Что может случиться?
Вмиг вылечим…
Через пару дней домой отправим.
И так каждый раз.
Знаю, он хотел успокоить, не говорить же правду было. Может быть, Богдан даже всерьёз строил положительные прогнозы. Но я не могу воспринимать его голос иначе, чем скрежет когтей по стеклу. И вот — меня снова передёргивает.
— Следующий. Твоё состояние было очень истощённым. Что странно, ты даже поправилась с нашей прошлой встречи, — он ухмыляется. — Щёчки появились. Ставили тебе несколько капельниц, ты… спала. Как себя чувствуешь?
Хочется ответить, что хуже ещё никогда не было. Но тут же вспоминаю, что было. Было. Никакое предательство не сравнится со смертью Сая. Поэтому улыбаюсь через силу и говорю:
— Лучше. Хорошо даже. Когда отпустишь меня?
Богдан кладёт горячую, огромную ладонь на мою лодыжку под тонким одеялом. Ничего такого, но я дёргаюсь.
— Убери, — не выдерживаю.
Неприятно настолько, что почти больно.
Он хмыкает, в карих глазах есть что-то завлекающе-опасное, будто бы липкое.
— Это из-за Дамирки ты такая дёрганная и бледная? Нервный срыв? Что ж… понимаю.

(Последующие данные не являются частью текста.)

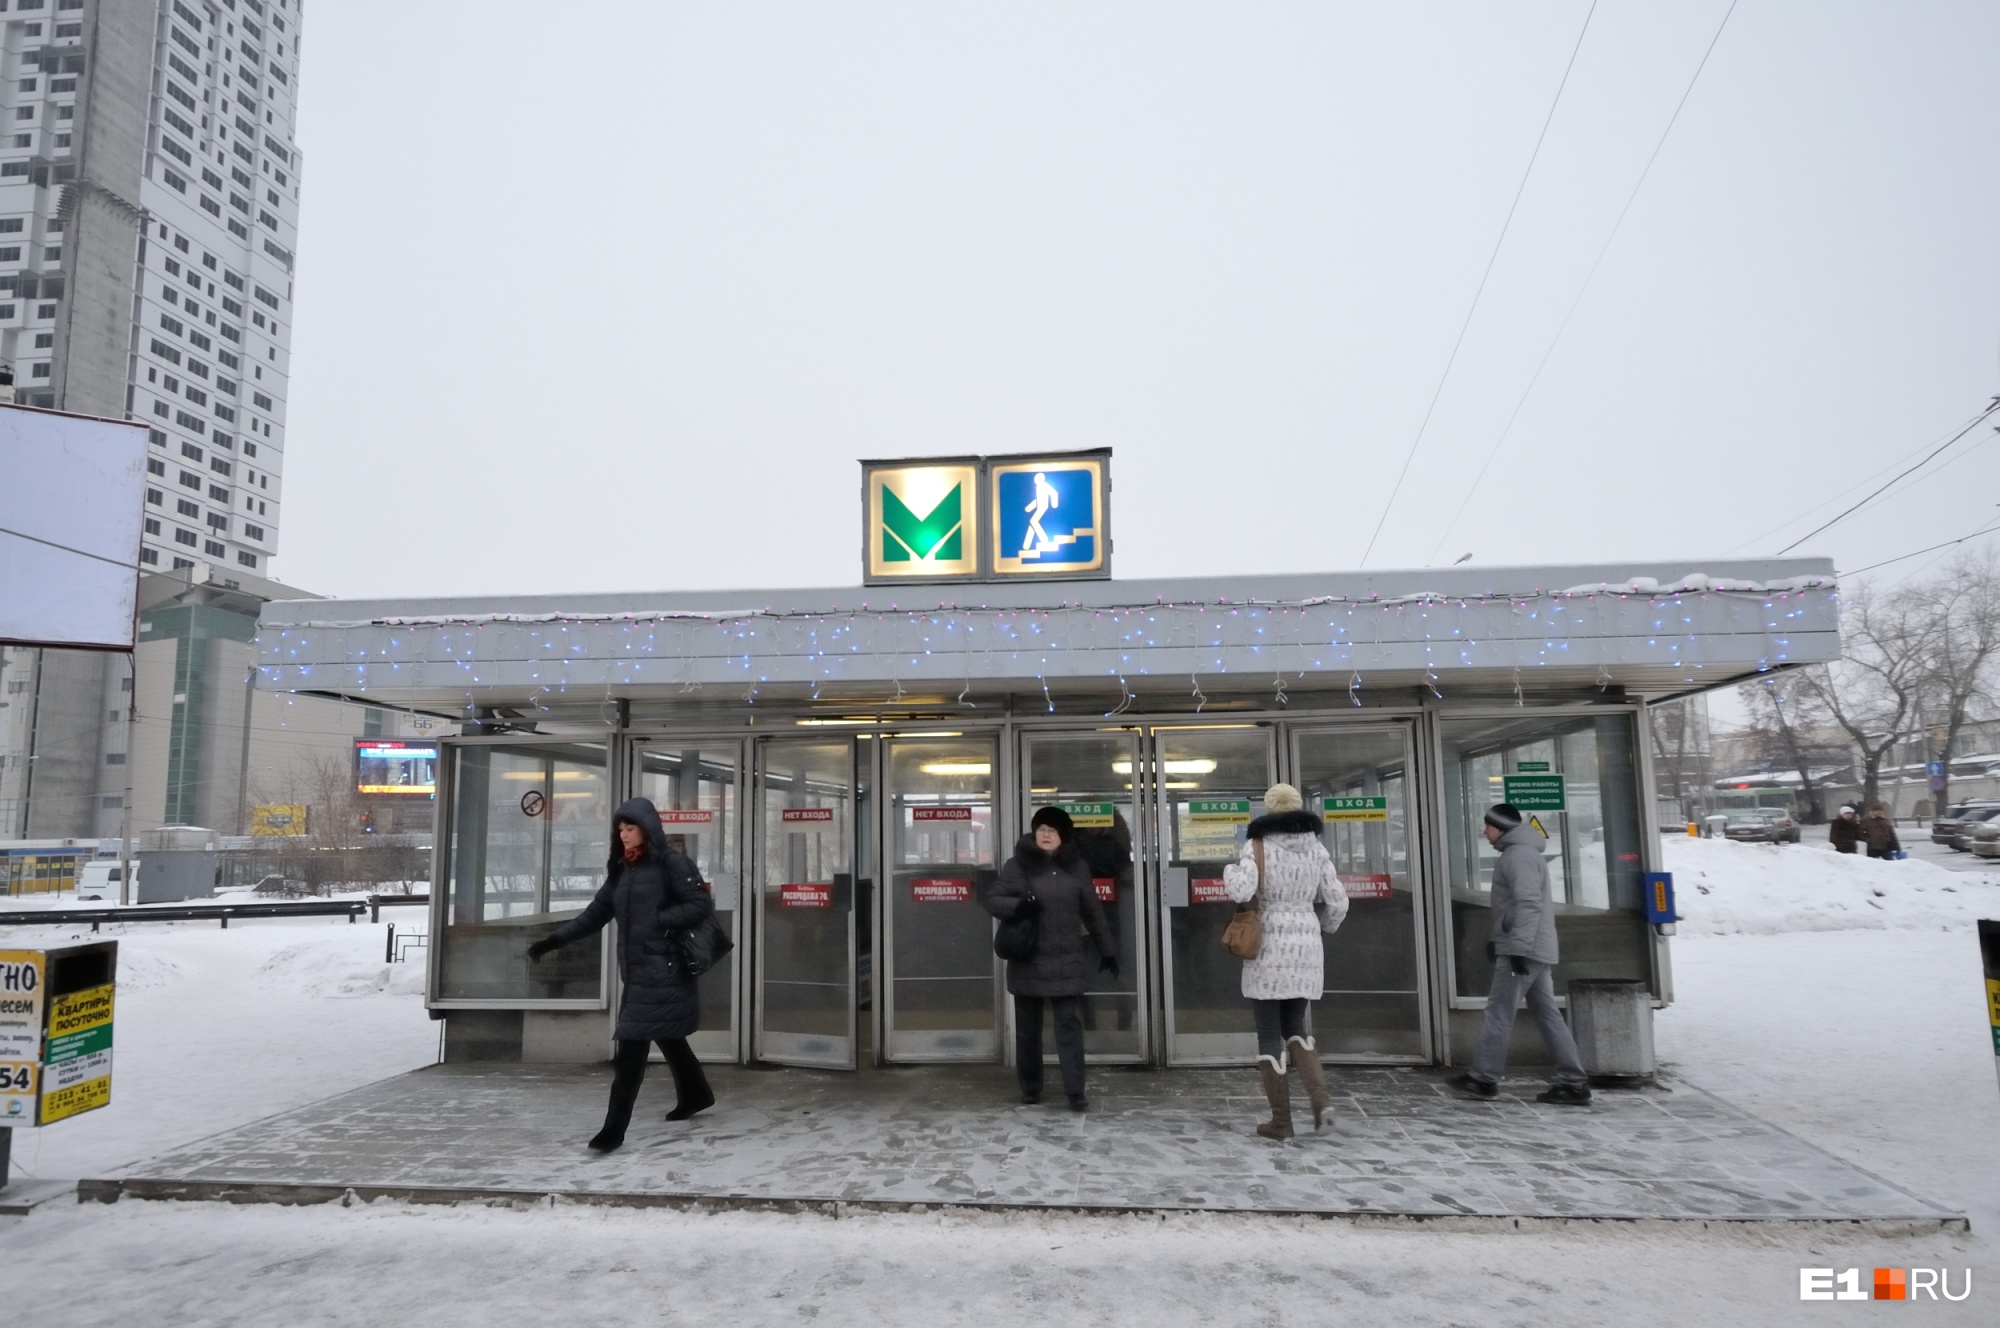 Из вагона в вагон: мэрия Екатеринбурга решила пробить тоннель между станцией метро и ж/д вокзалом

Я закрываю лицо ладонями. Качаю головой, уже даже не обращая внимания на боль.
— Ты знал, так?
— О чём? — Богдан делает вид, что вообще не понимает, как я здесь оказалась.
— О том, что Алёна — дочь Дамира, — выпаливаю. Произнести это спокойно, медленно не смогла бы. Лучше срывать пластырь резко.
— Ах, об этом… — он усмехается и запускает пальцы в густые чёрные, как смоль, волосы. — Ну да, знал. Но это ваше дело, Оксан.
Руки падают бессильно. Я разглядываю его напряжённо несколько мгновений. Затем киваю. Это неприятно. Мерзко. Но Богдан — друг Дамира. А я даже общаться с ним не хотела. Ничего удивительного, что он мне не рассказал. В конце концов, я всего лишь женщина его почти что брата. Точнее — одна из его женщин.
Ну и всё. Вопрос закрыт. Ничего больше знать об этом не хочу.
— Ты снял мой приступ. Я могу уйти? Вызову такси. Хочу домой.
— Пусть тебя Богдан забирает. Но я бы всё-таки советовал задержаться. И если ещё раз такое случится — мне придётся принять меры.
Мне уже всё равно. Но почему-то на автомате переспрашиваю шёпотом:
— Меры?
Он кивает и с большой охоткой начинает объяснять, проведя ладонью по моей ноге:
— Год прошёл, Ксюша. Я видел разное горе. Старые матери сходят с ума, оставшись в одиночестве… Закрываются в себе. Перестают жить, продолжая жить. Понимаешь, о чём я? Но ты-то молодая женщина. Красивая, умная. И всё-то у тебя есть. А муж какой? Продюсер, деньги есть, красивый, влиятельный. Тебе и стараться не надо особо — только радуй его и всё. В этом долг женщины. А ты что?
Он окидывает меня каким-то странным, горячим взглядом и качает головой, поднимаясь. Хочет что-то сказать, медлит, потом всё-таки выпаливает:
— Уже должна была нового родить ему и всё! А как ты вообще планируешь удерживать его в семье? Распустила себя, мужчине сама знаешь, что нужно. А ты? Конечно, он с Машей…
— Хватит!
На тумбочке стоит бутылка боржоми. Я раньше была дипломатичной, лояльной, аккуратной. Потом просто обессиленной, тихой, выжатой. И теперь, когда должно было стать даже хуже, чувствую прилив сил. И питает их, как ни странно, злость.
Как он смеет говорить мне такие вещи? Хватаю бутылку и с криком швыряю в него.
Должна была уже родить… Должна каждый день заниматься с Дамиром любовью. Должна быть красивой. Должна развлекать.
Он ведь врач. Он знает, что мне поставили депрессию.
А кроме этого знает о том, что я физически иногда даже из спальни до ванной дойти не могу.
Но ему кажется, что беременность — лучшее решение.